REQUIRED WORK:
Go to the line that contains "Tattoo uploaded by", then write out that line and all that follow to the end of the listing, exactly and without pictures.

COLLECTED DATA:
###
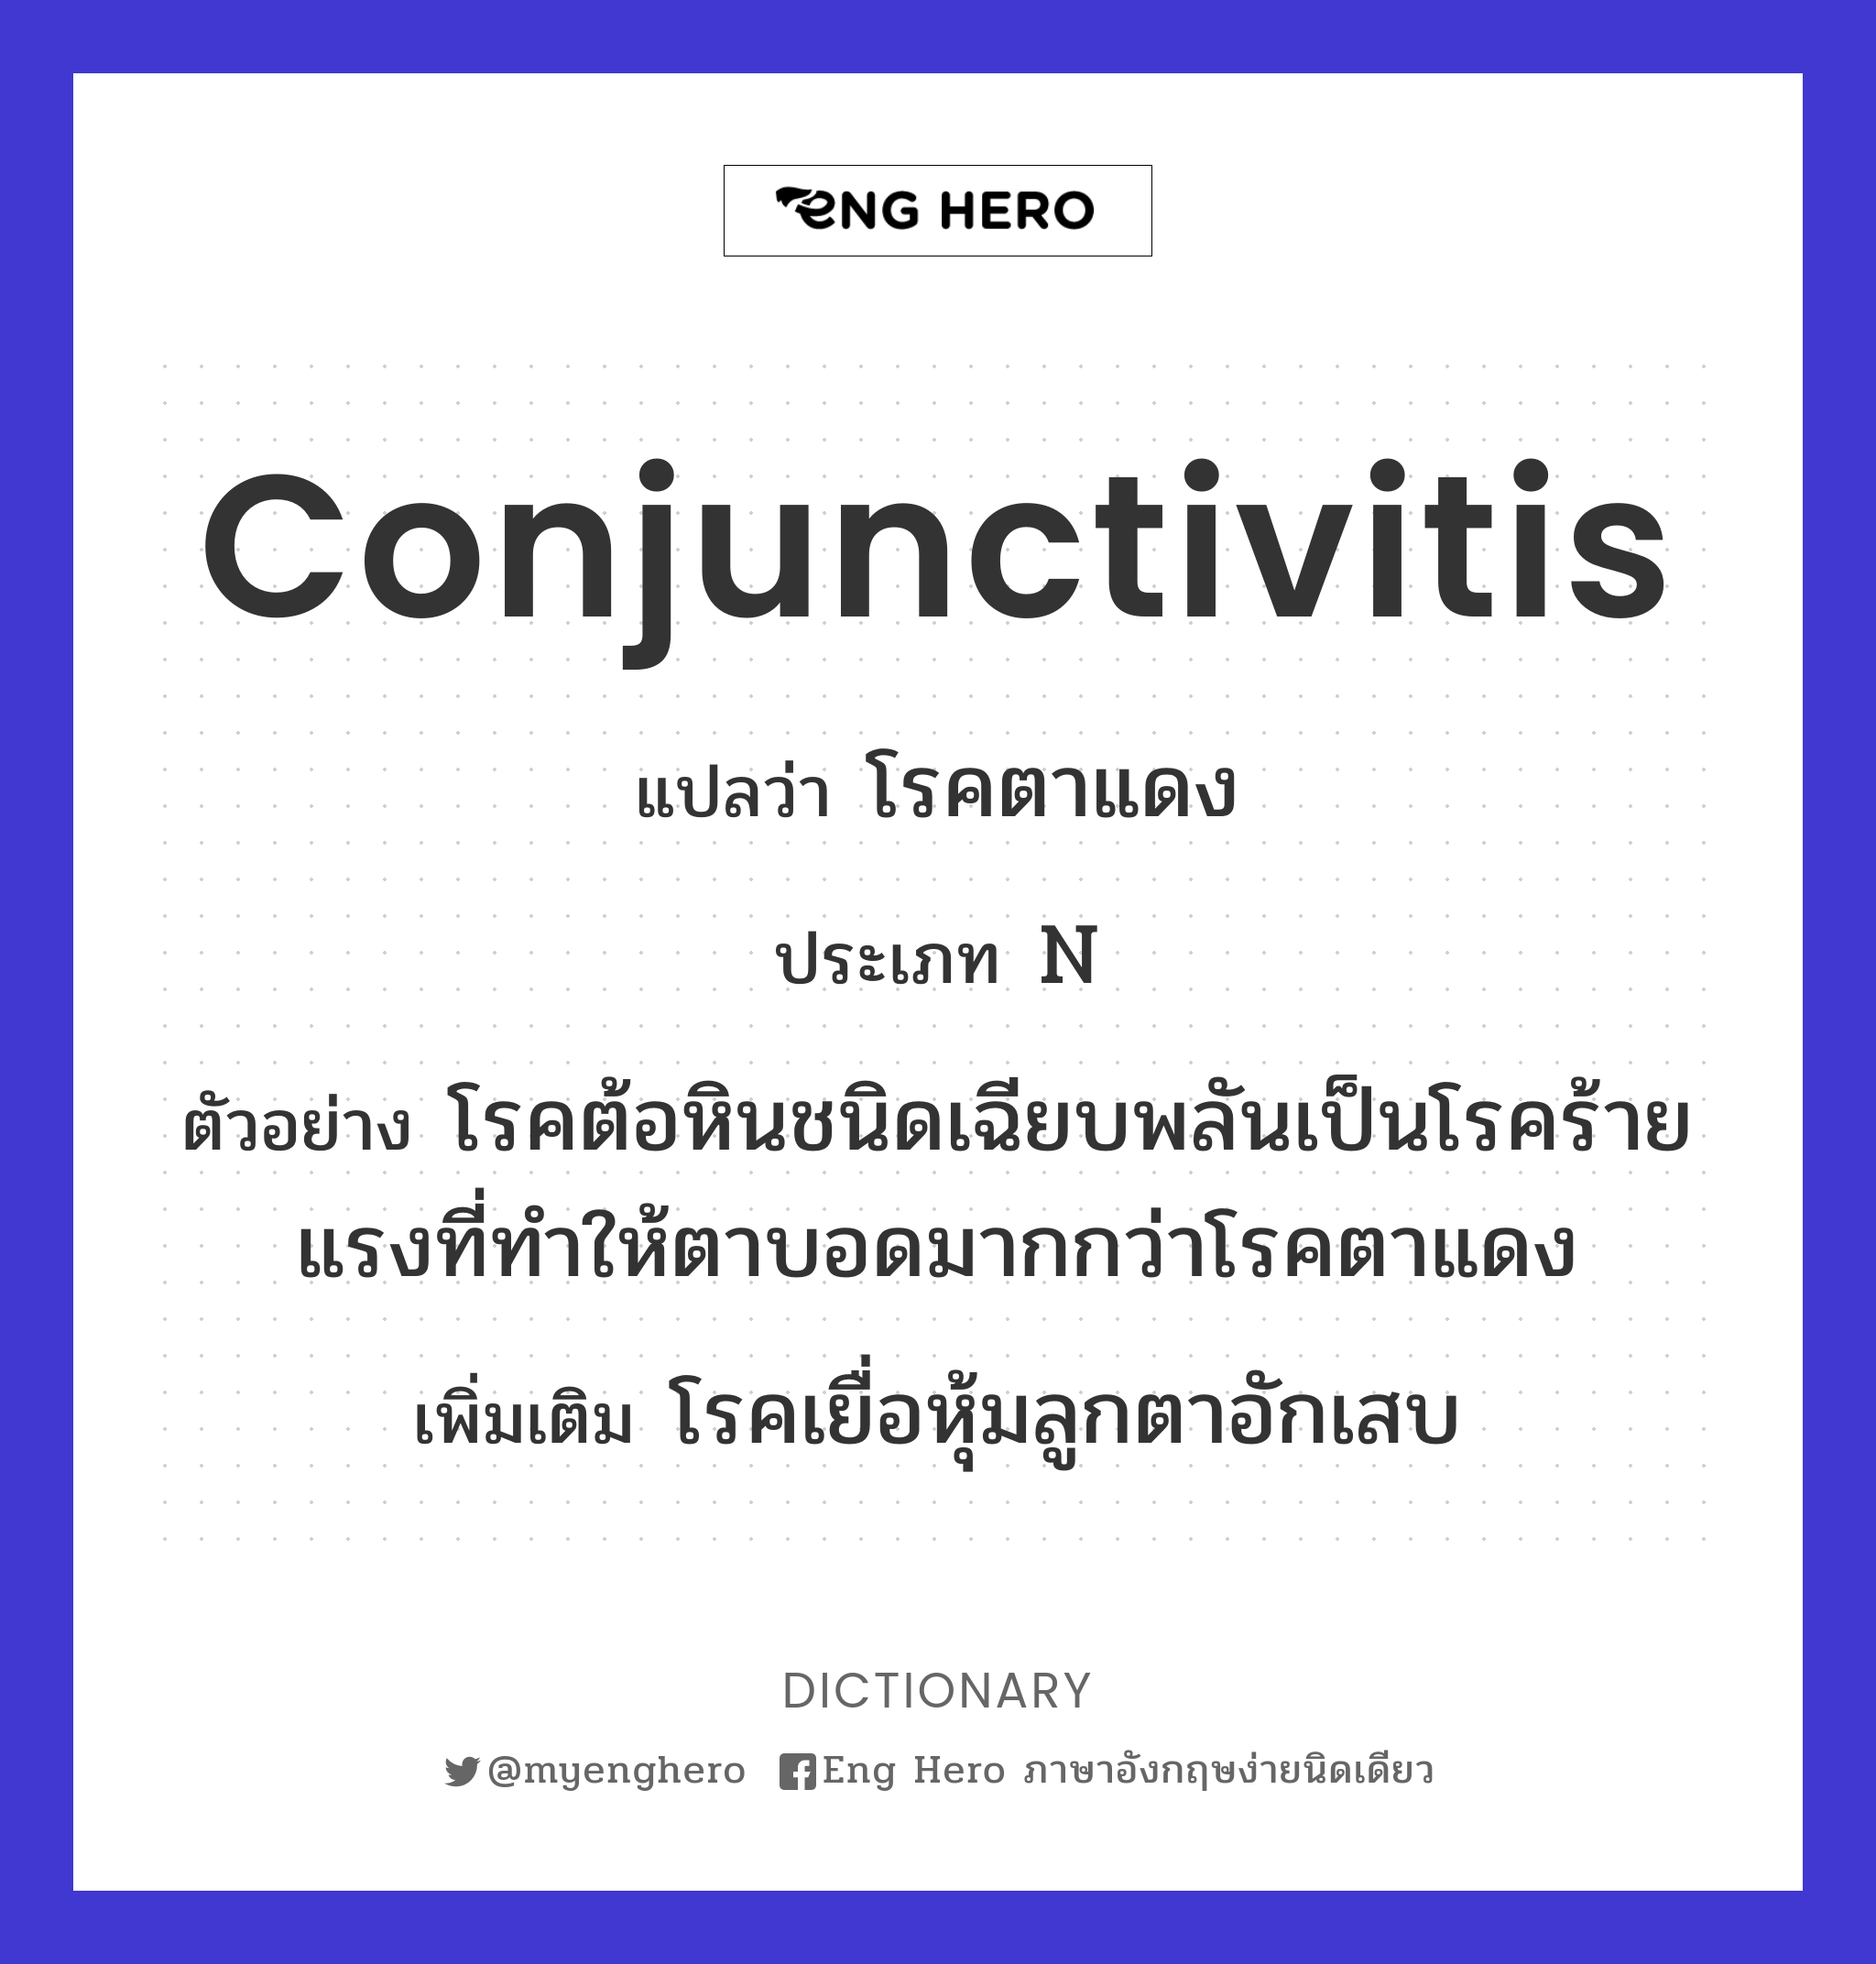 conjunctivitis
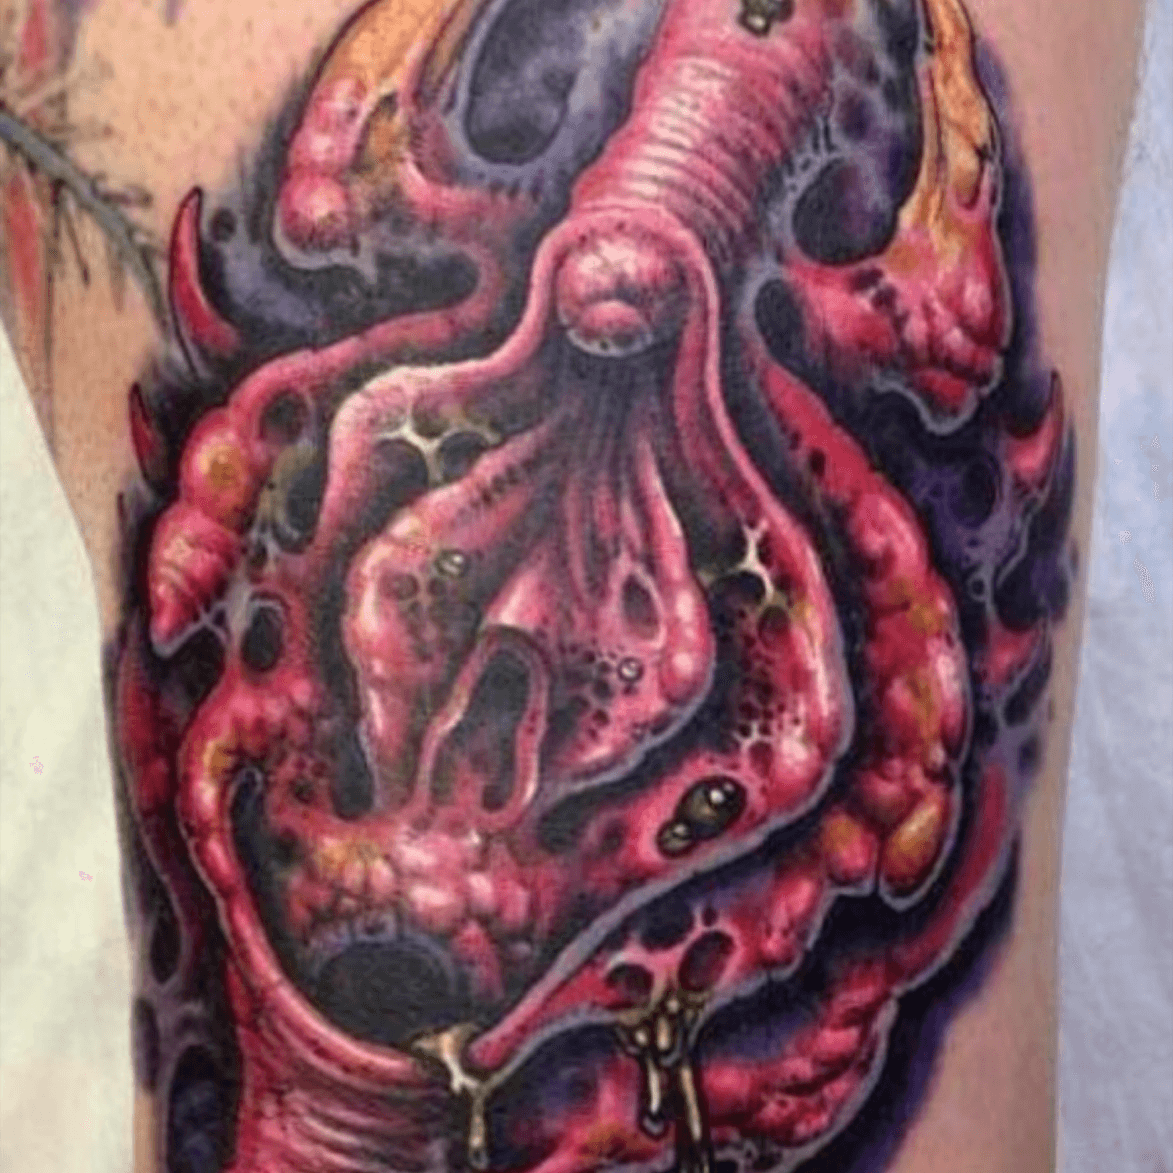 Tattoo uploaded by Orrin Hurley • Biomechanical vagina • Tattoodo
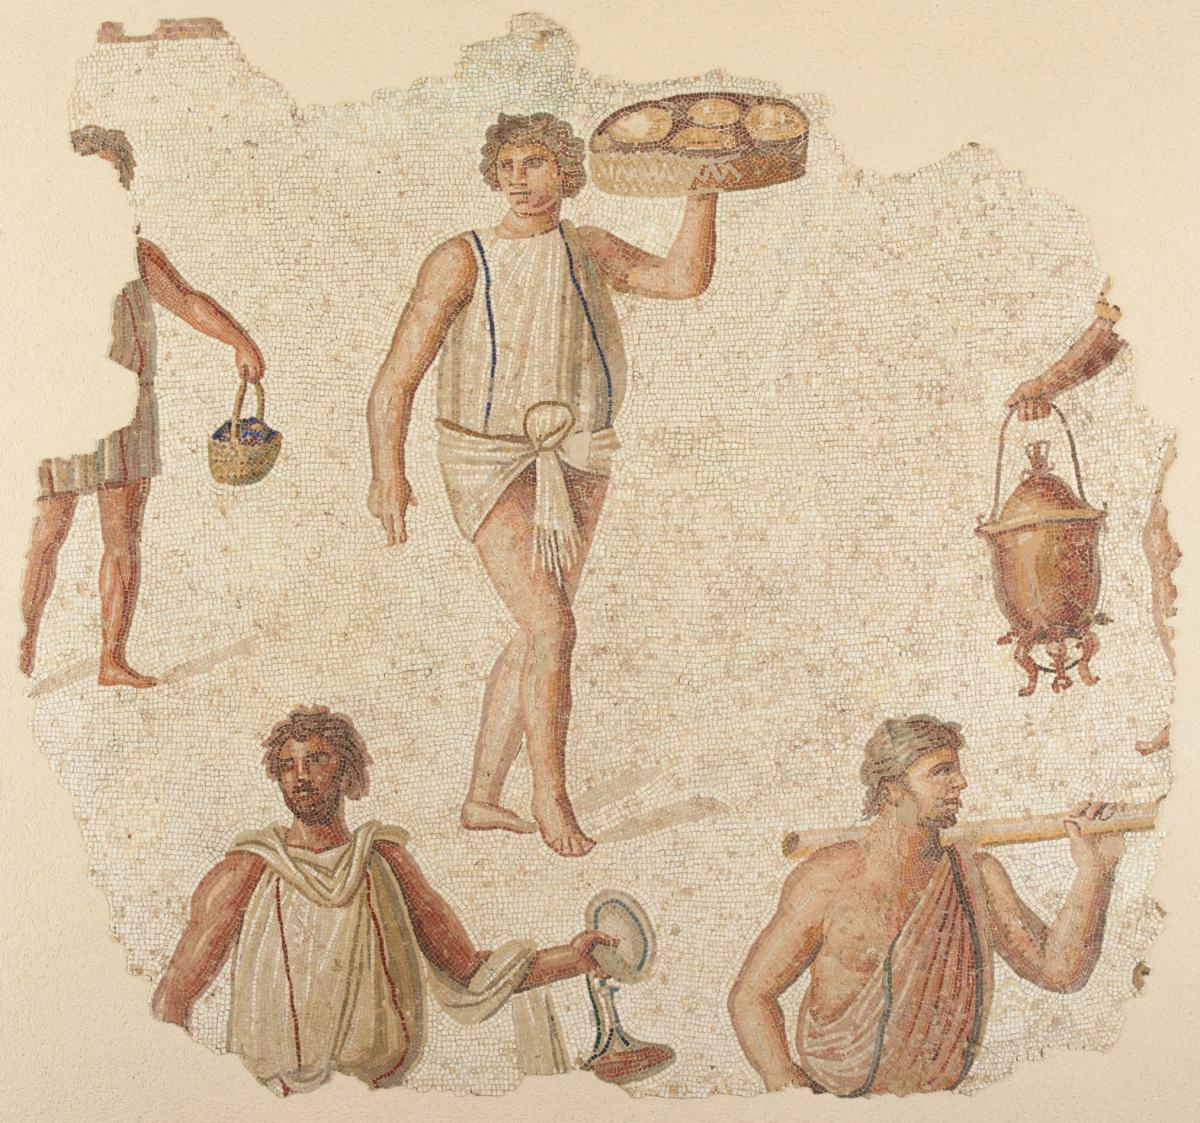 Mosaic of a feast
###
FINAL ANSWER:
 Tattoo uploaded by Orrin Hurley • Biomechanical vagina • Tattoodo
 Mosaic of a feast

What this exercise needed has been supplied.